Her more recent initiatives include Girls in the Lead and RespAct, both of which promote equity, education, and participation through sports and community engagement. She works with the German International Development Cooperation on behalf of the German and Afghan governments to support girls education and sport in Afghanistan.

At Washington University in St. Louis, Cameron manages the Social Entrepreneurship and Innovation Lab, which works on questions of community advancement through entrepreneurship.

== Research ==
Cameron's research spans social entrepreneurship, social innovation, education, and impact investing. She has published with the Federal Reserve Bank of St. Louis on social finance and is principal investigator on Capital Access Prosperity, a project funded by the Kauffman Foundation to explore equitable funding models for Black and Latinx entrepreneurs.

== Awards ==
- 2016 Google Impact Challenge Germany for Camp Group
- 2012 Member of The Robert Bosch Stiftung (Responsible Bosch Foundation)
- 2011 Special Recognition Award, BMW Herbert Quandt Foundation Young Leaders Award BMW
- 2010 University Teacher of the Year by the German Association of University Professors and Lecturers.
- 2010 German Chancellor's Award for Excellence, Start Social
- 2010 Ashoka Fellow

== Selected publications ==
- Innovative Approaches to Investing with Impact in St.

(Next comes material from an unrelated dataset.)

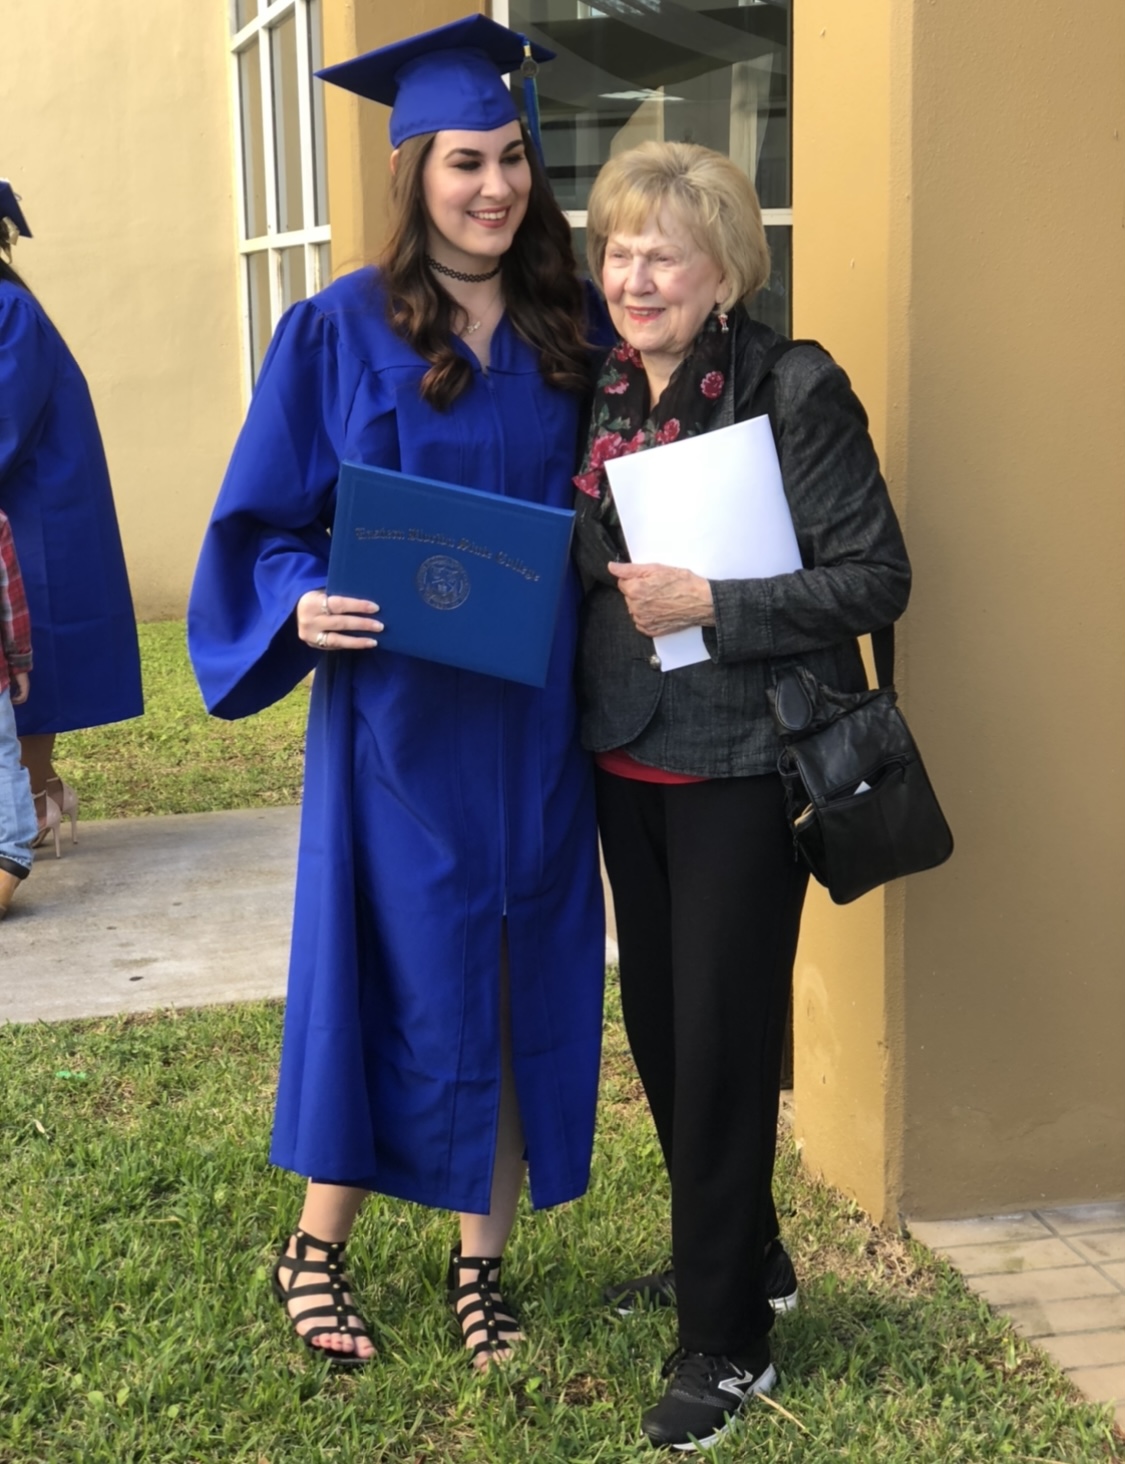 Gran at Leah’s graduation

Louis, Federal Reserve Bank of St. Louis. April 2019
- Who determines when social entrepreneurs are successful? in Marianne Henkel, Jana Gebauer, Justus Lodemann, Franziska Mohaupt, Lena Partzsch, Eva Wascher, Rafael Ziegler (ed.): Social Entrepreneurship - Status Quo 2009: (Self) image, impact and future responsibility, conference proceedings. Berlin HUB, June 16 and 17, 2009. Geozon Science Media, ISBN 978-3-941971-02-8 , doi : 10.3285 / g.00003, pp. 111–126, PDF (1.69 MB)
- Sport is good! Monitoring sport for social change, in International - Inclusive - Interdisciplinary. Perspectives of Contemporary Sports Science. Ed .: Heike Tiemann, Sigrun Schulz & Erika Schmidt-Gotz. Schorndorf 2007.

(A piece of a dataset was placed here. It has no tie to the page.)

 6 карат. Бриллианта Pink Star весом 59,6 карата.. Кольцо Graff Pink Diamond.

- Tracking Buses and Passengers with Intelligent Transport Systems, in Surveillance and Security: Technological Politics and Power in Everyday Life. New York 2006,
- Directing Traffic: Surveillance in Beijing, Amsterdam, London, in Alphabet City 10: Supect. Boston: MIT Press 2005.
- The Next Generation: visual surveillance in the age of databases and radio labels, in image, space, control. Frankfurt a. M. 2005.

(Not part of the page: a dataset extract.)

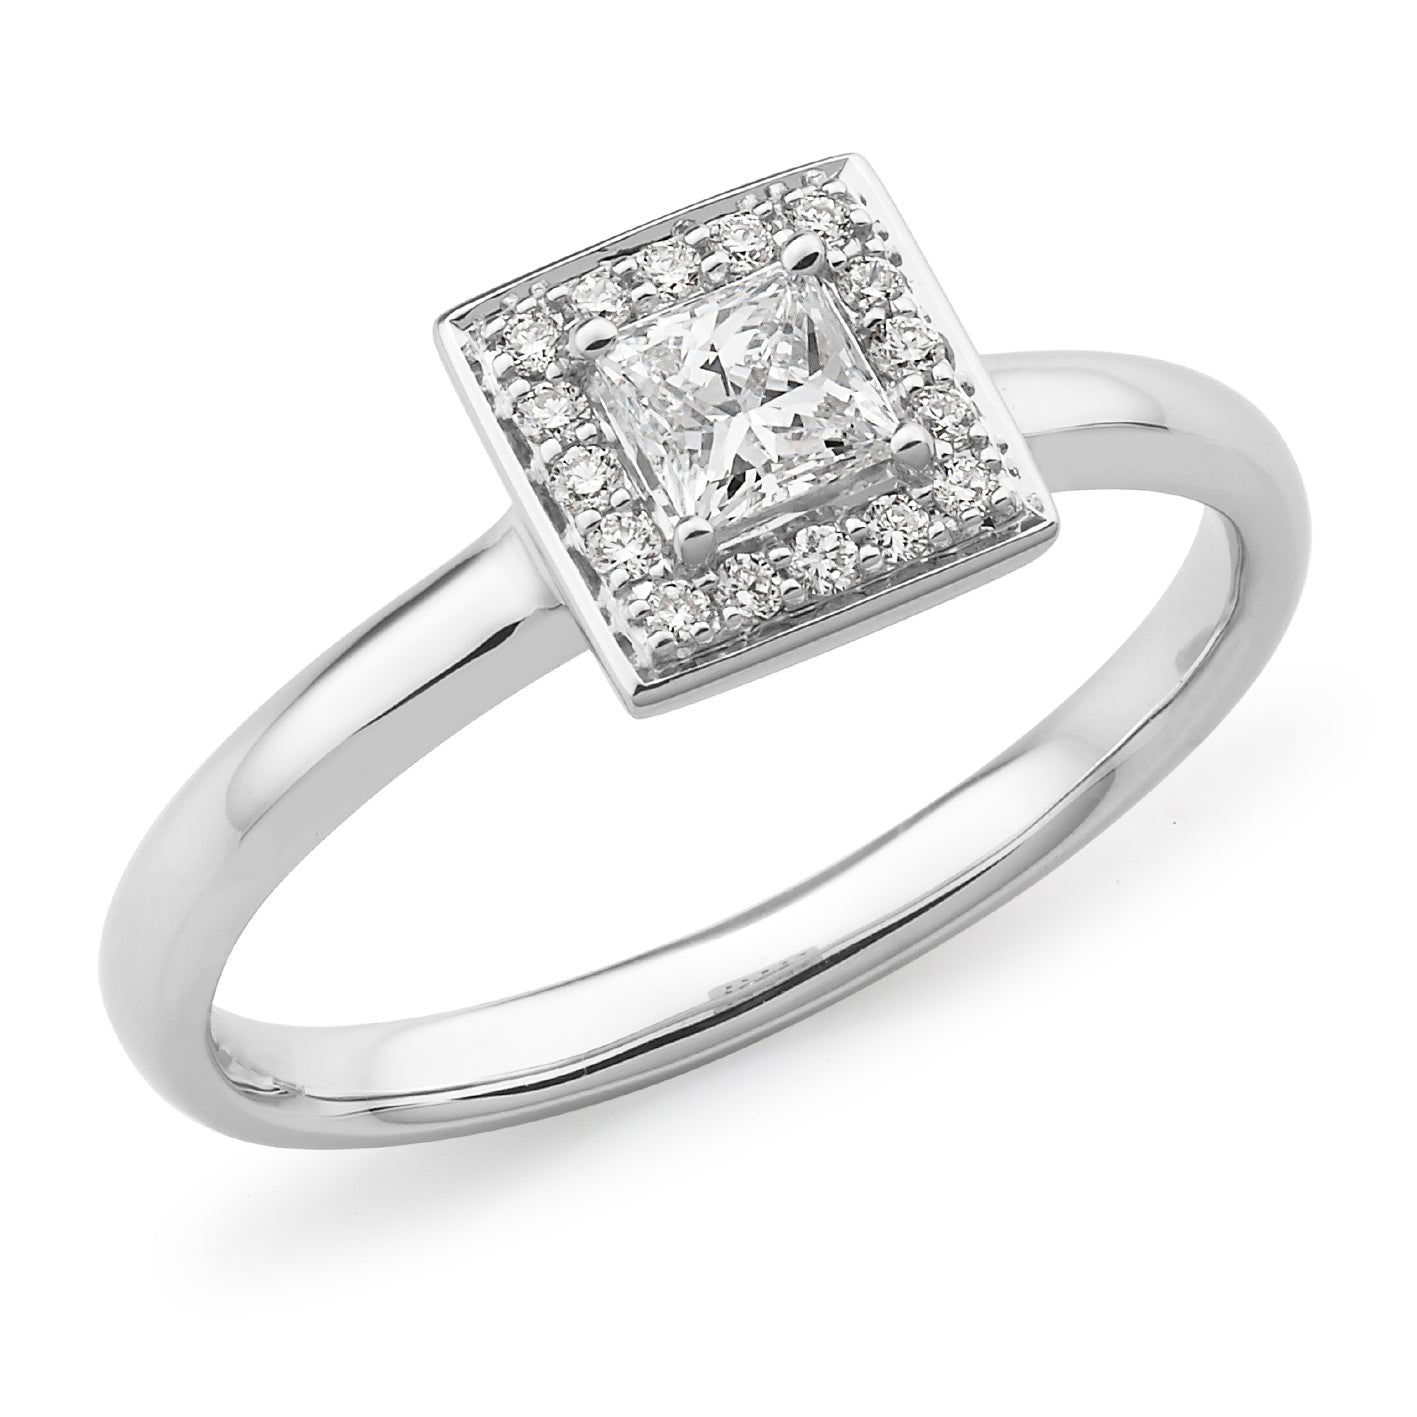 18ct White Gold Princess cut halo engagement ring 0.25 carat centre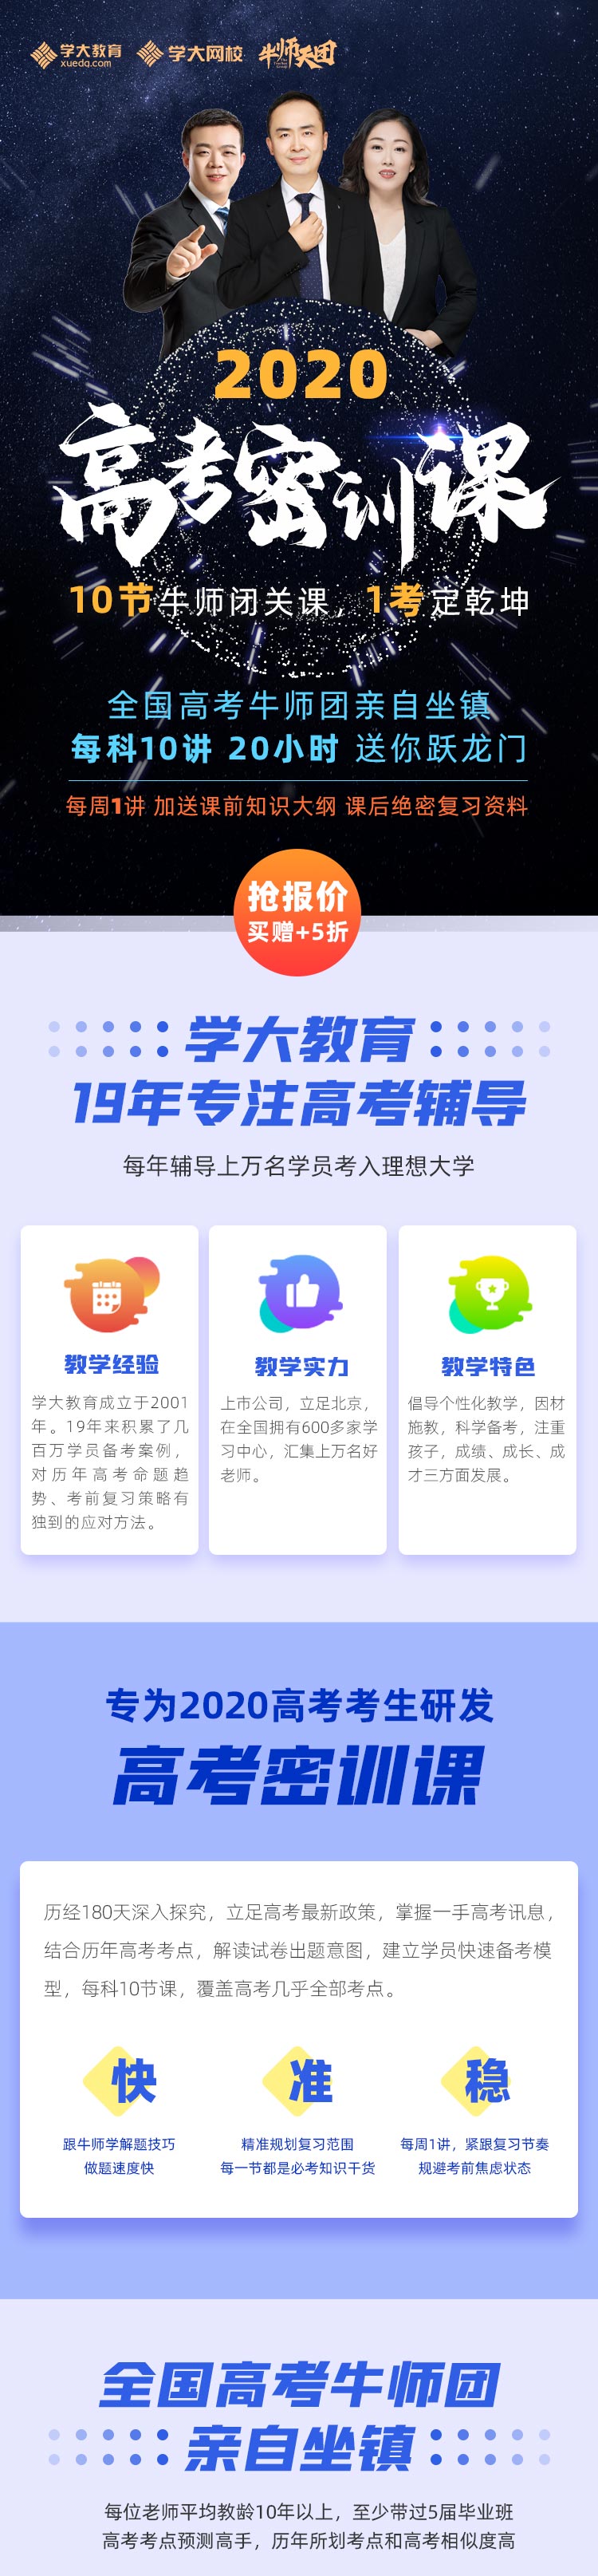 https://xdo-storage.oss-cn-beijing.aliyuncs.com/2020/03/09/lLO9eBG54Rg4QusReVe7b0QKu8HCvt17Zc5dTuBh.jpeg

- CCTV and (In) dividuation In: Surveillance & Society. November 2004.
- Planning, Design, and Validation Issues in Assistive Technology: State of the Art and New Participative Tools (in collaboration with H – L. Dienel and Alexander Peine). In: Gerotechnology: Research and Practice in Technology and Aging: A Textbook and Reference for Multiple Disciplines. Heidelberg 2004.
- Watching the boxer's body, in sport, staging, event, art. Kiel 2004.
- Expert Witnesses as Engaged Intellectuals: A discussion with Janine Fuller of Little Sisters, in Canadian Woman Studies. May 1996.